If you don't provide ACK or Review to patches, how should Thomas know that it 
is ready for merging?


-Morten

> From: Morten Brørup [mailto:m...@smartsharesystems.com]
> Sent: Wednesday, 16 November 2022 18.39
> 
> > From: Honnappa Nagarahalli [mailto:honnappa.nagaraha...@arm.com]

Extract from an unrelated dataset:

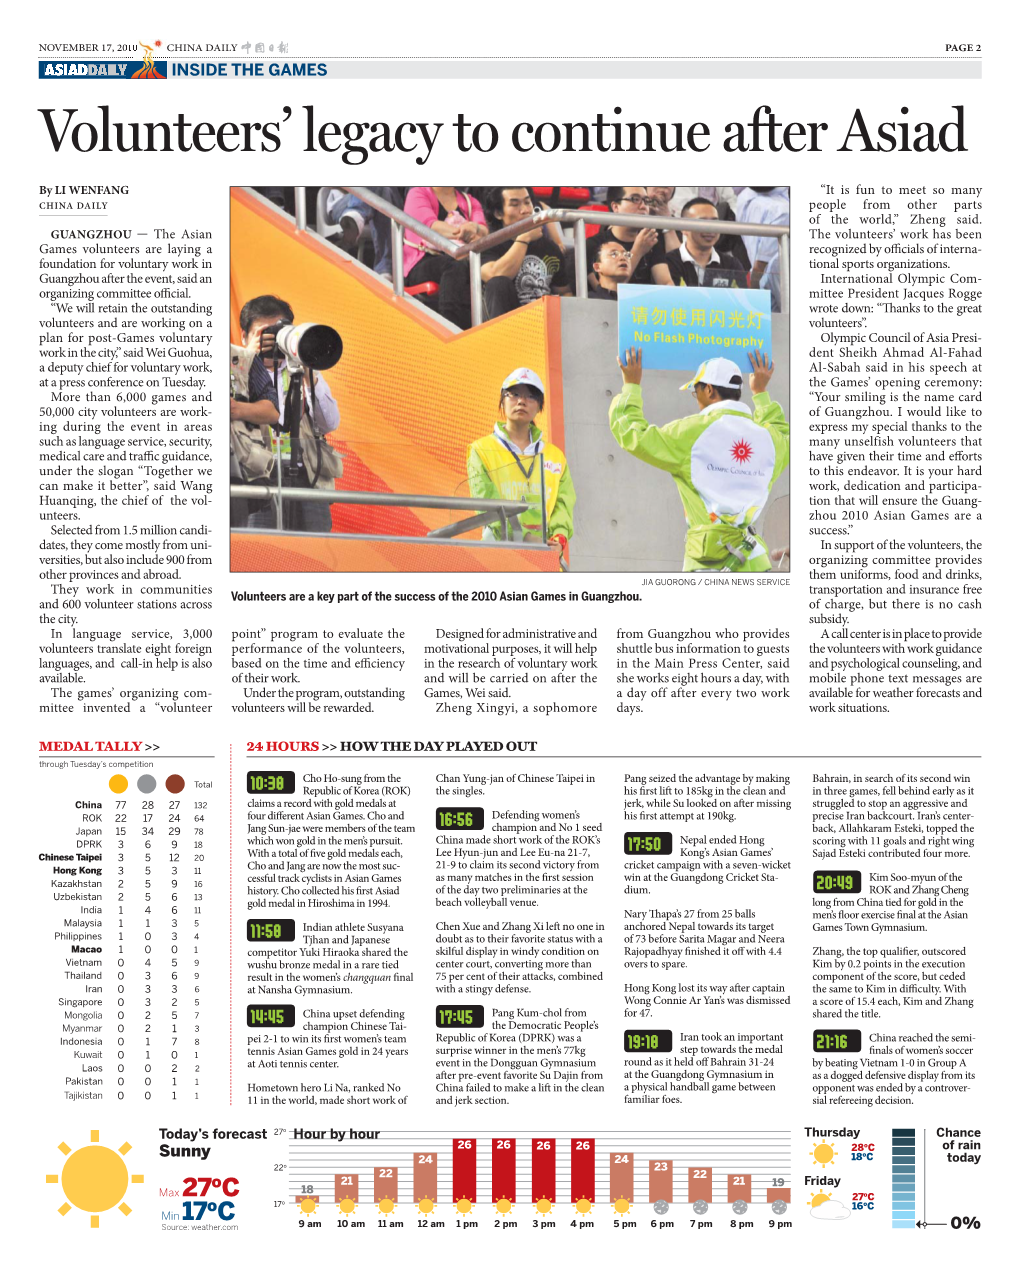 Volunteers' Legacy to Continue After Asiad
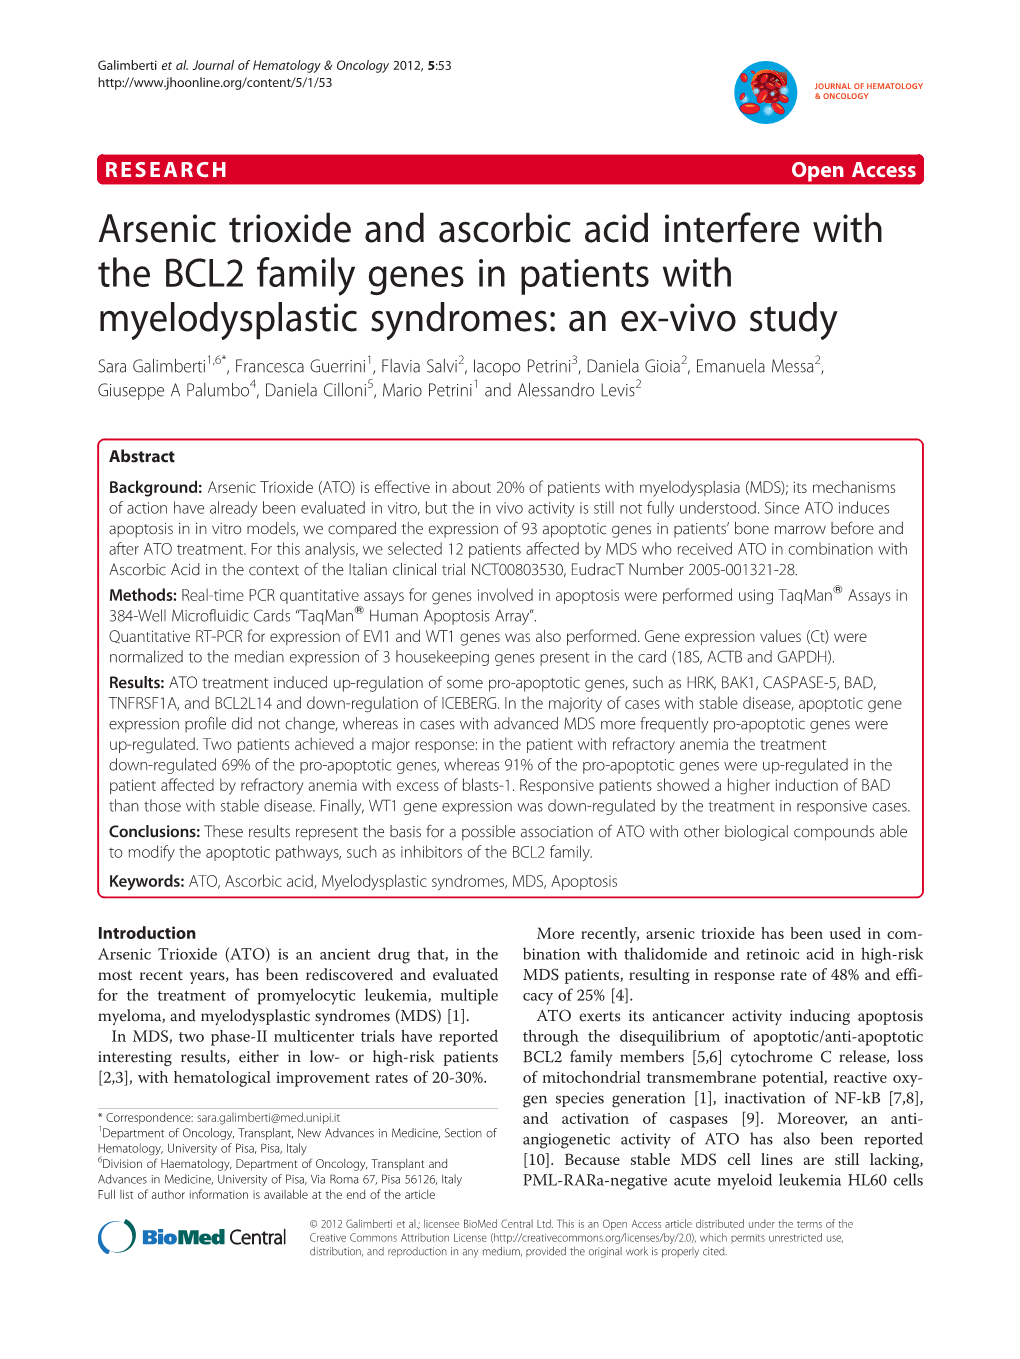 Arsenic Trioxide and Ascorbic Acid Interfere with the BCL2 Family Genes in Patients with Myelodysplastic Syndromes

> > Sent: Wednesday, 16 November 2022 17.27
> >
> > <snip>
> >
> > > > >
> > > > > Micro-optimization:
> > > > > Reduced the most likely code path in the generic put function
> by
> > > > moving an
> > > > > unlikely check out of the most likely code path and further
> down.
> > > > >
> > > > > Also updated the comments in the function.
> > > > >
> > > > > v2 (feedback from Andrew Rybchenko):
> > > > > * Modified comparison to prevent overflow if n is really huge
> and
> > > > > len
> > > > is
> > > > >   non-zero.
> > > > > * Added assertion about the invariant preventing overflow in
> the
> > > > >   comparison.
> > > > > * Crossing the threshold is not extremely unlikely, so removed
> > > > likely()
> > > > >   from that comparison.
> > > > >   The compiler will generate code with optimal static branch
> > > > prediction
> > > > >   here anyway.
> > > > >
> > > > > Signed-off-by: Morten Brørup <m...@smartsharesystems.com>
> > > > > ---
> > > > >  lib/mempool/rte_mempool.h | 36 ++++++++++++++++++++-----------
> --
> > ---
> > > > >  1 file changed, 20 insertions(+), 16 deletions(-)
> > > > >
> > > > > diff --git a/lib/mempool/rte_mempool.h
> > b/lib/mempool/rte_mempool.h
> > > > > index 9f530db24b..dd1a3177d6 100644
> > > > > --- a/lib/mempool/rte_mempool.h
> > > > > +++ b/lib/mempool/rte_mempool.h
> > > > > @@ -1364,32 +1364,36 @@ rte_mempool_do_generic_put(struct
> > > > > rte_mempool *mp, void * const *obj_table,  {
> > > > >       void **cache_objs;
> > > > >
> > > > > -     /* No cache provided */
> > > > > +     /* No cache provided? */
> > > > >       if (unlikely(cache == NULL))
> > > > >               goto driver_enqueue;
> > > > >
> > > > > -     /* increment stat now, adding in mempool always success */
> > > > > +     /* Increment stats now, adding in mempool always succeeds.
> > */
> > > > >       RTE_MEMPOOL_CACHE_STAT_ADD(cache, put_bulk, 1);
> > > > >       RTE_MEMPOOL_CACHE_STAT_ADD(cache, put_objs, n);
> > > > >
> > > > > -     /* The request itself is too big for the cache */
> > > > > -     if (unlikely(n > cache->flushthresh))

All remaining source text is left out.